I'm pretty close to my kidney doc... she has had 2 of my children...


----------



## shakeylegs (Jan 3, 2008)

James S said:


> Gotta find what works for you, that is the truth. I went through a bad spate of them a few years ago that were not responding to the normal over the counter type additions and got a few different prescriptions. Can't remember which one of them actually did the trick, but none of them had any side effects on me at all. So dont be afraid to try just because of some nasty stories from your friends. If you can't get things under control any other way, take the darned prescription drugs. There are many different acting things available that can help and chances are extremely good that you can find one that both helps your headache and doesn't mess with the rest of you.
> 
> 
> 
> ...



James,
I won't quarrel with your wife, and I won't rely on my personal experience to rebut her advice.

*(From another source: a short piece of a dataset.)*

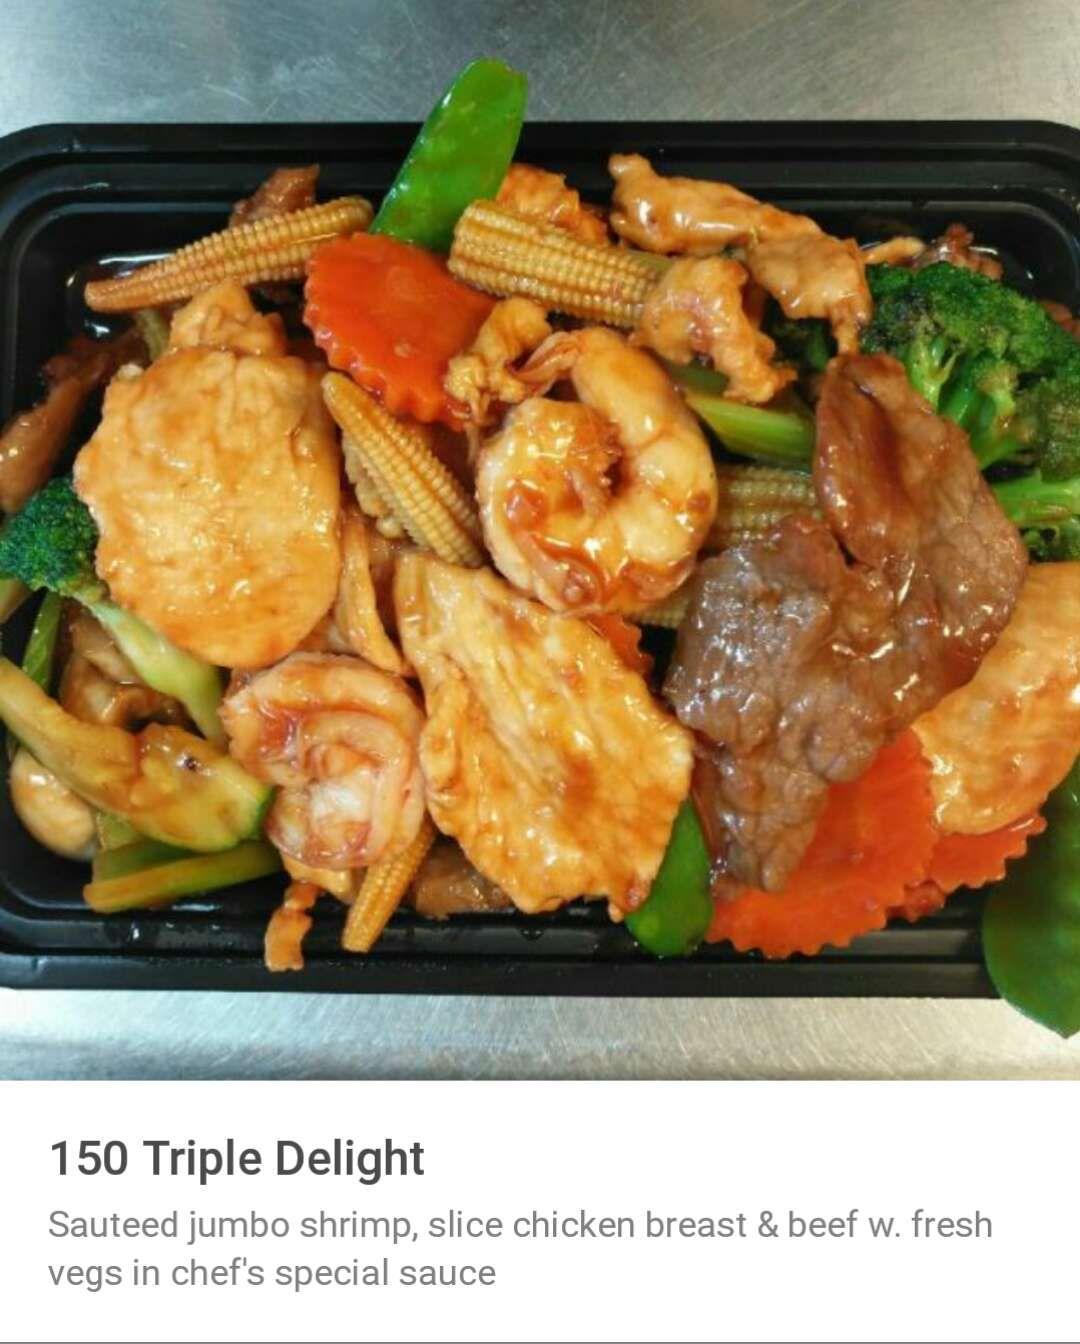 150. Triple Delight Image

But 2 nephrologist have advised about this cumulative effect business, as did my wife's cardiologist, and a close friend who is a surgeon. Both my previous and my current nephrologist prohibit use of all NSAID's by their at risk patients. A recent, and unsolicited, opinion of my wife's cariologist was the same, and he too mentioned this cumulative effect. In his words "just stay away". He did not know about my condition.

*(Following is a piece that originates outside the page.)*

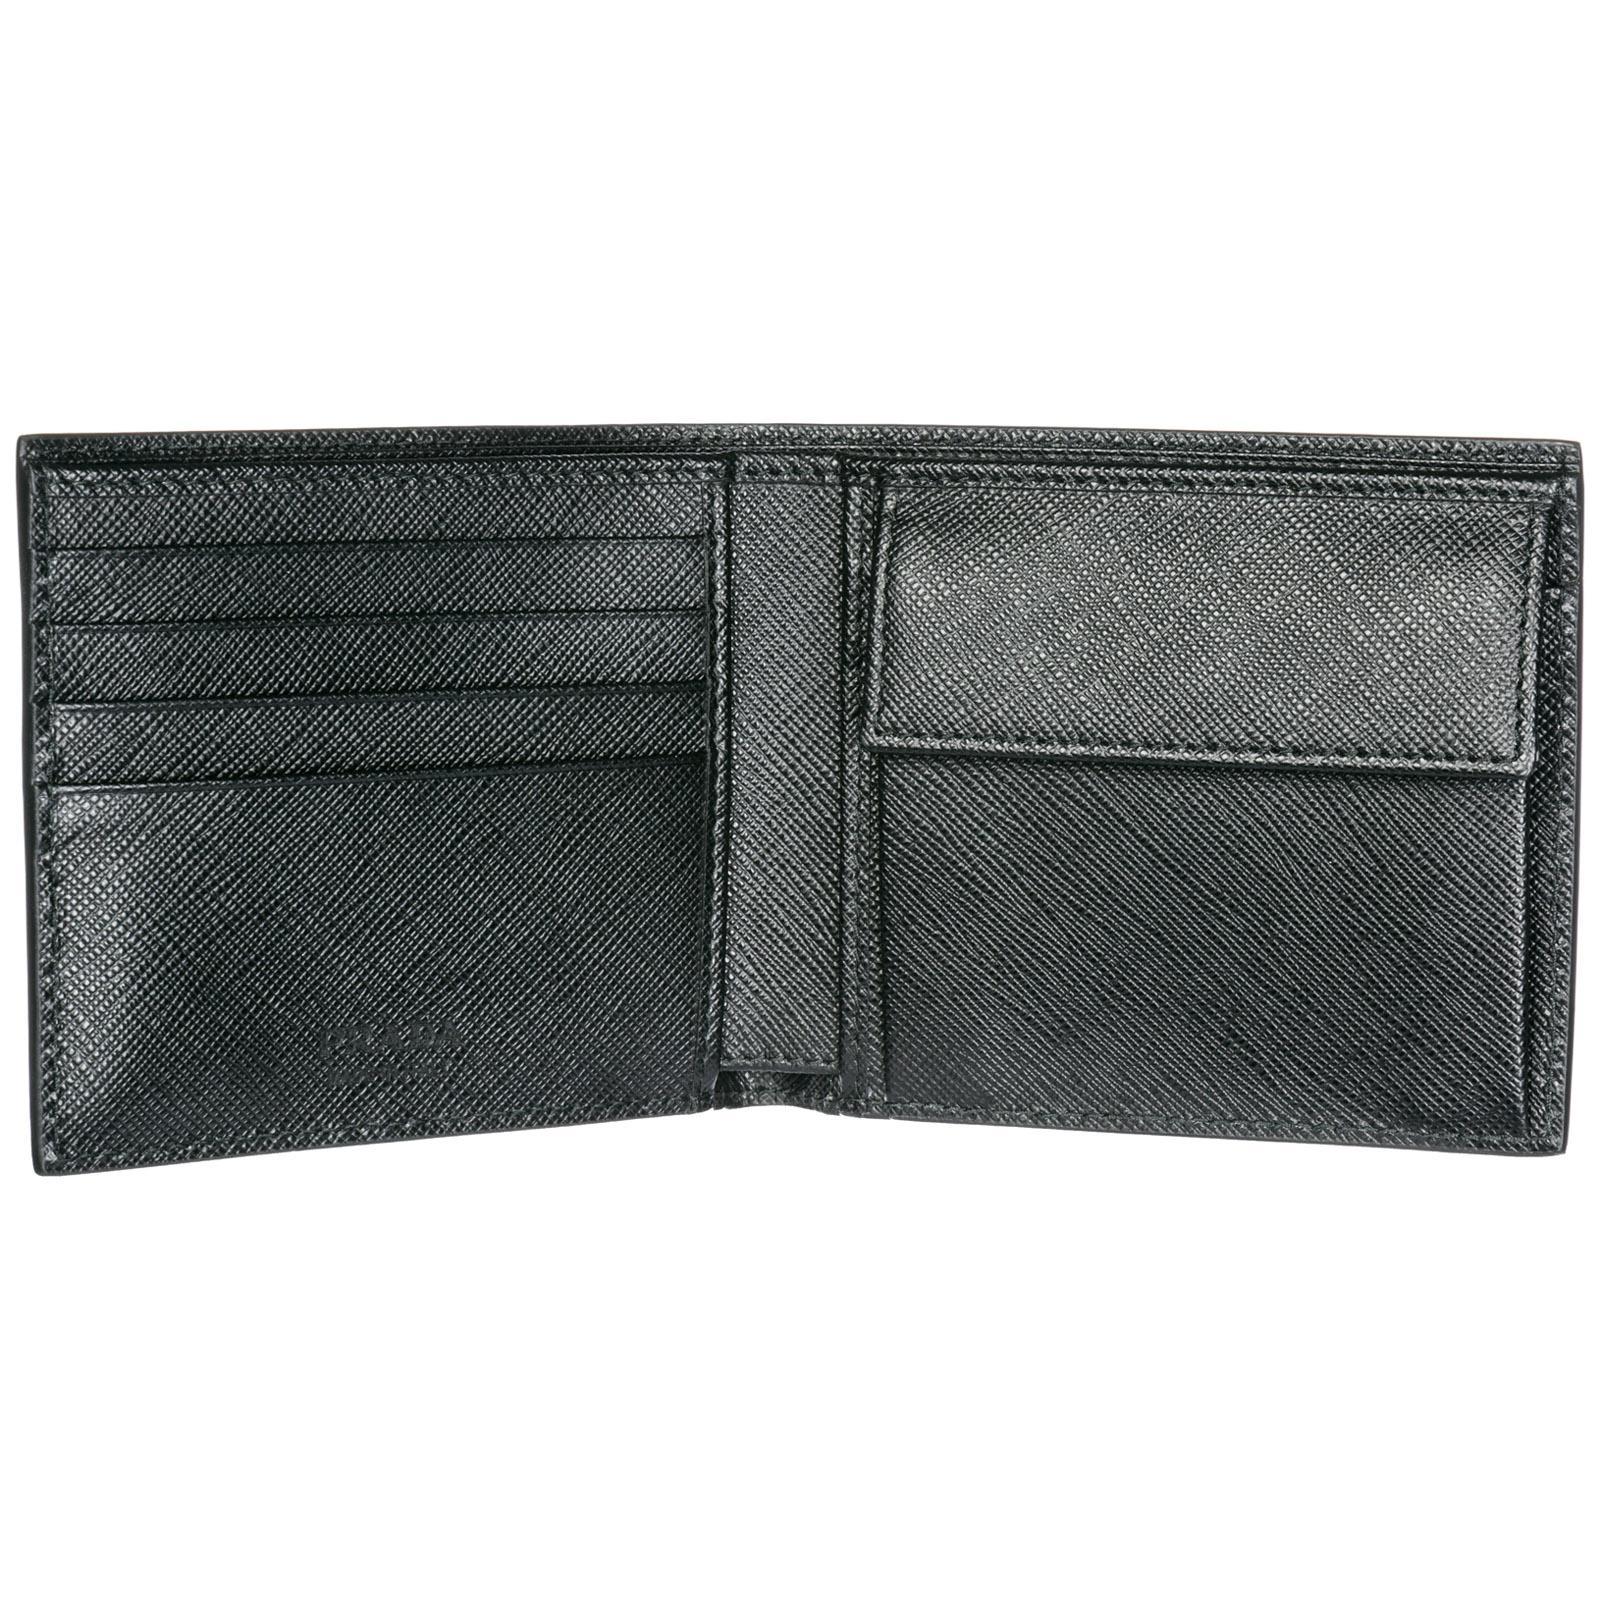 c5a1150c3bcf ... Men's wallet genuine leather coin case holder purse card bifold ...

Just for the record, alcohol is a rare treat, something I've largely avoided over my lifetime. Additionally, my kidneys were probably in a compromised state prior to my 10 day ibuprophen/tylenol binge which immediately preceded the onset of my kidney trouble. 

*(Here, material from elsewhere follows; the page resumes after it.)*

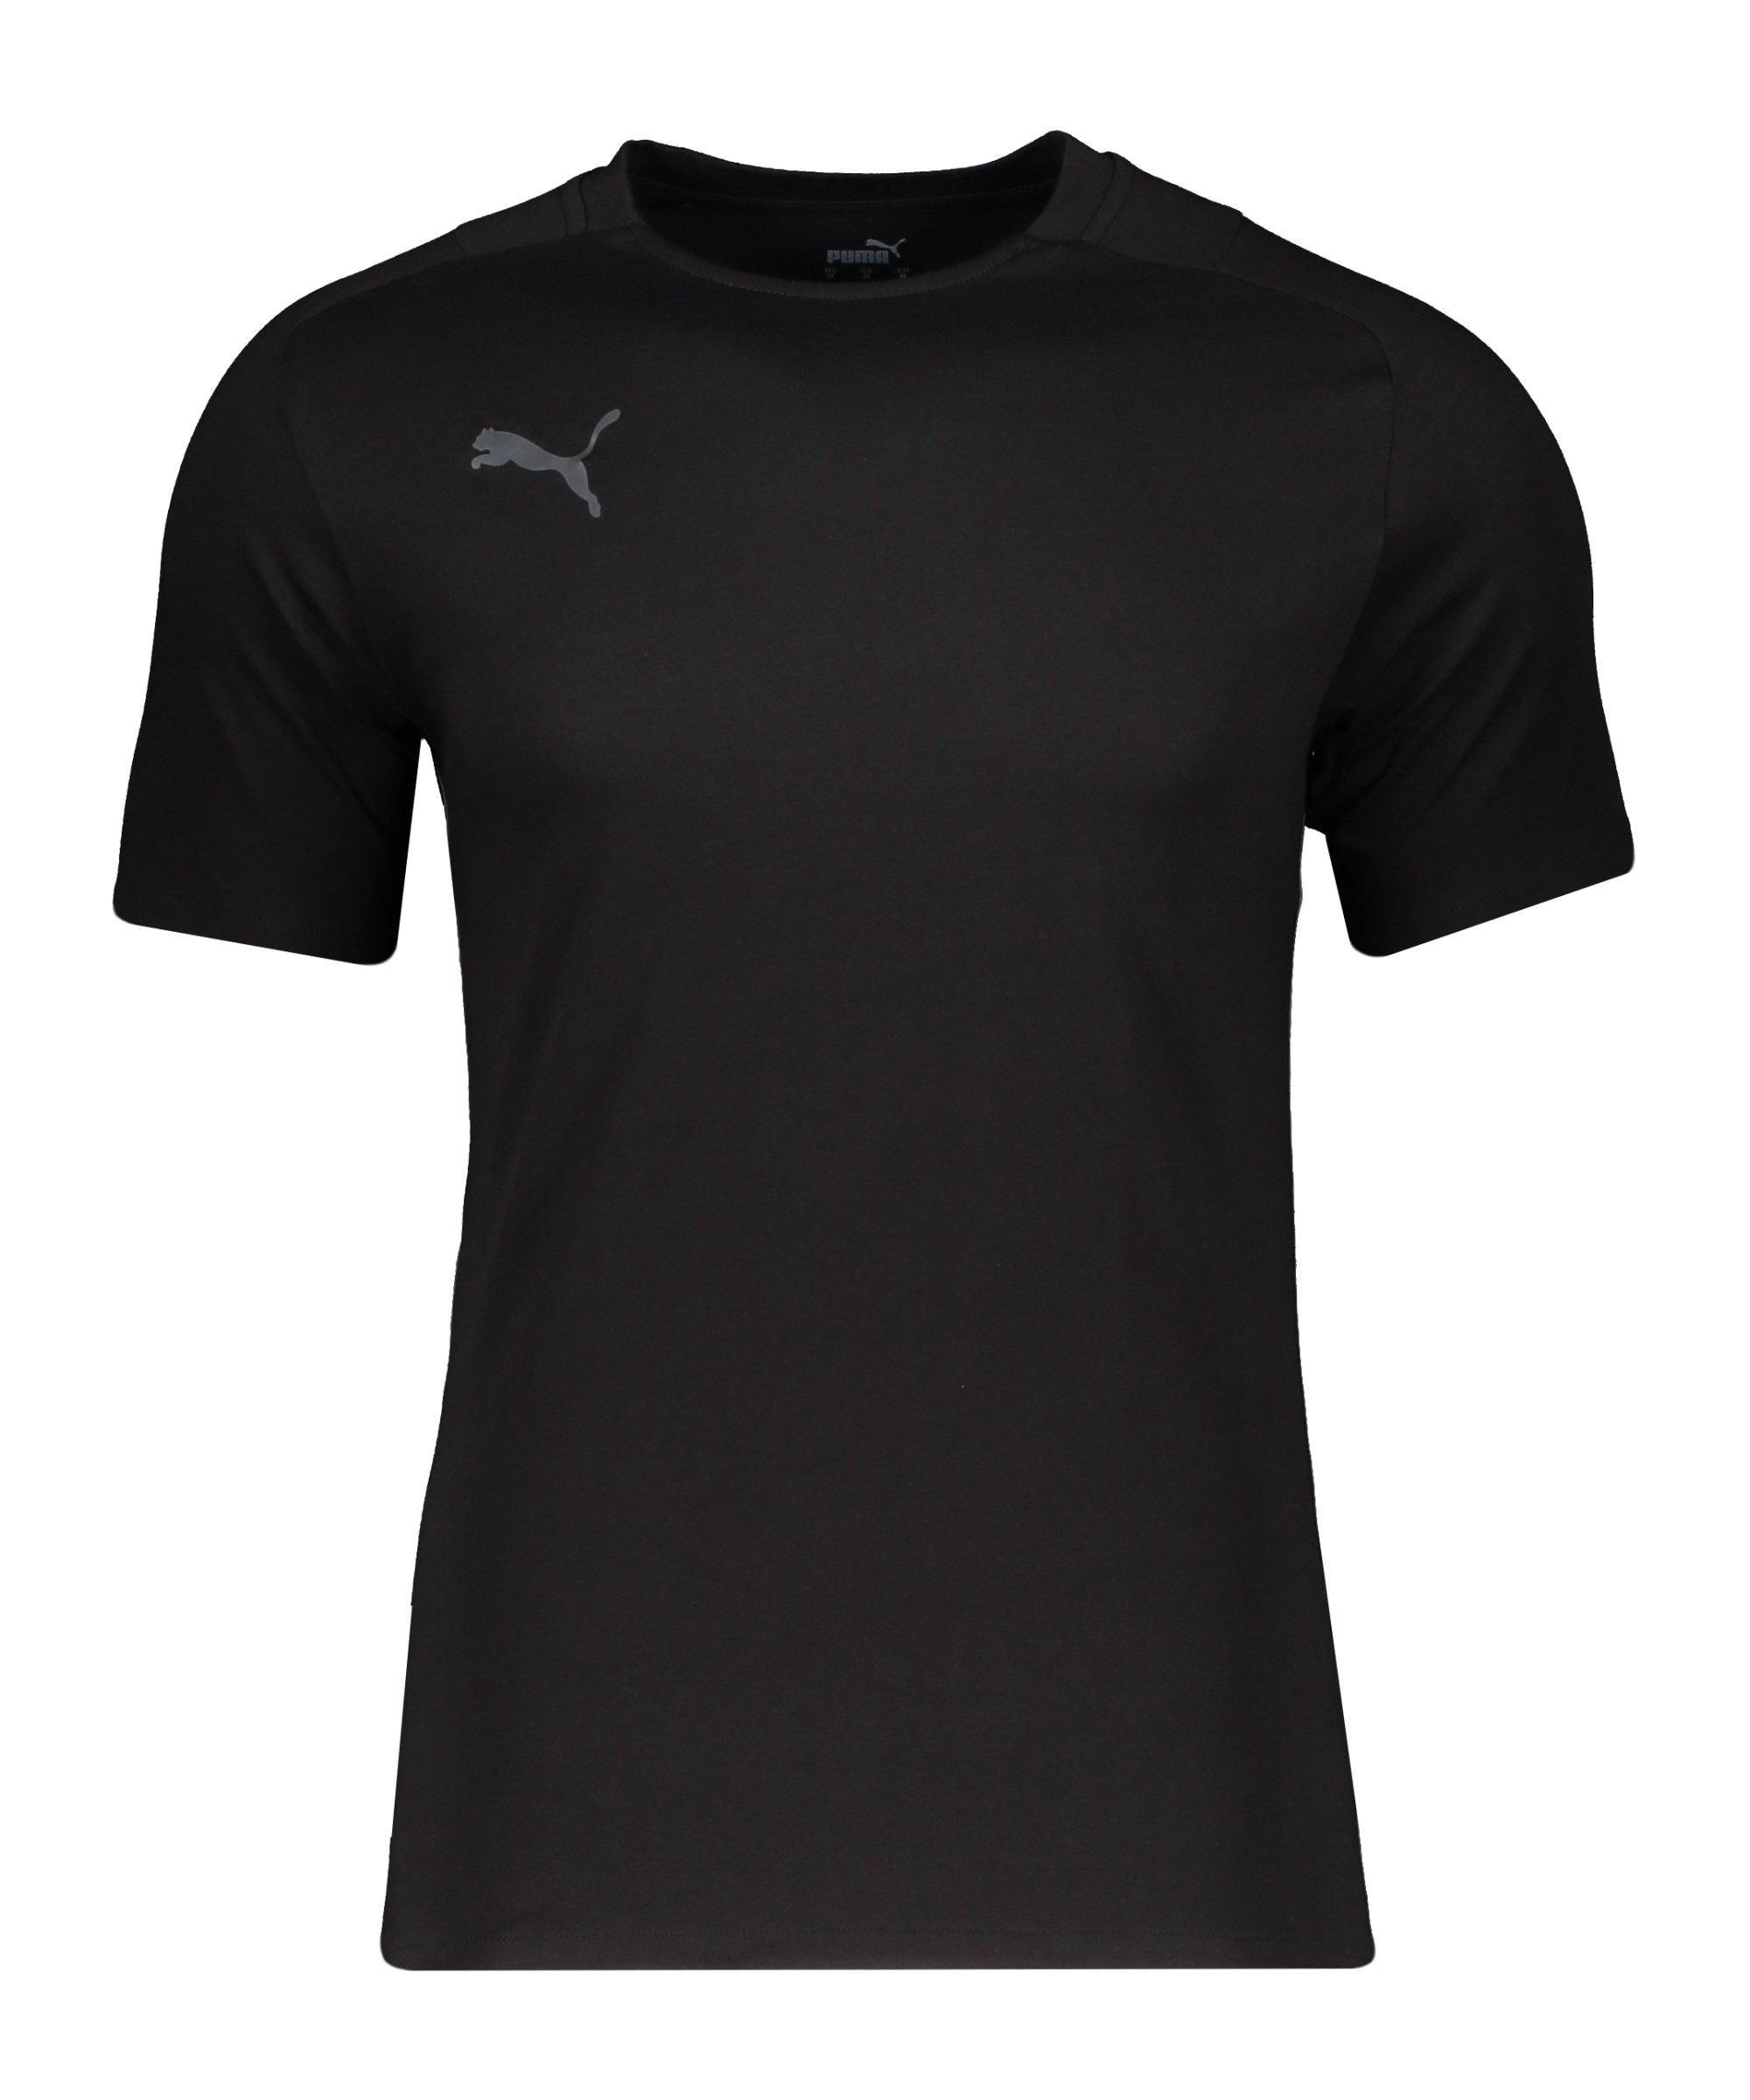 PUMA teamCUP Casuals T-Shirt Schwarz Grau F03 - schwarz

Certainly, if modest use and abuse of NSAID's was harmful, we'd see many more cases of kidney failure. Still, for what it's worth:

"The incidence of Acute Renal Failure, although relatively common, is difficult to define, and the incidence of drug-induced renal failure (DIRF) is even more difficult to ascertain. Current information suggests that ARF accounts for 1% of hospital admissions . . . Worldwide, the reported incidence of ARF in critical illness is 1% to 25%, with 3.4% to 4.9% of patients requiring renal replacement therapy (RRT).3 *DIRF occurs in 18% to 27% of hospitalized patients with ARF, and 20% of hospital admissions for ARF are reportedly caused by drugs, particularly nonsteroidal anti-inflammatory drugs (NSAIDs)*."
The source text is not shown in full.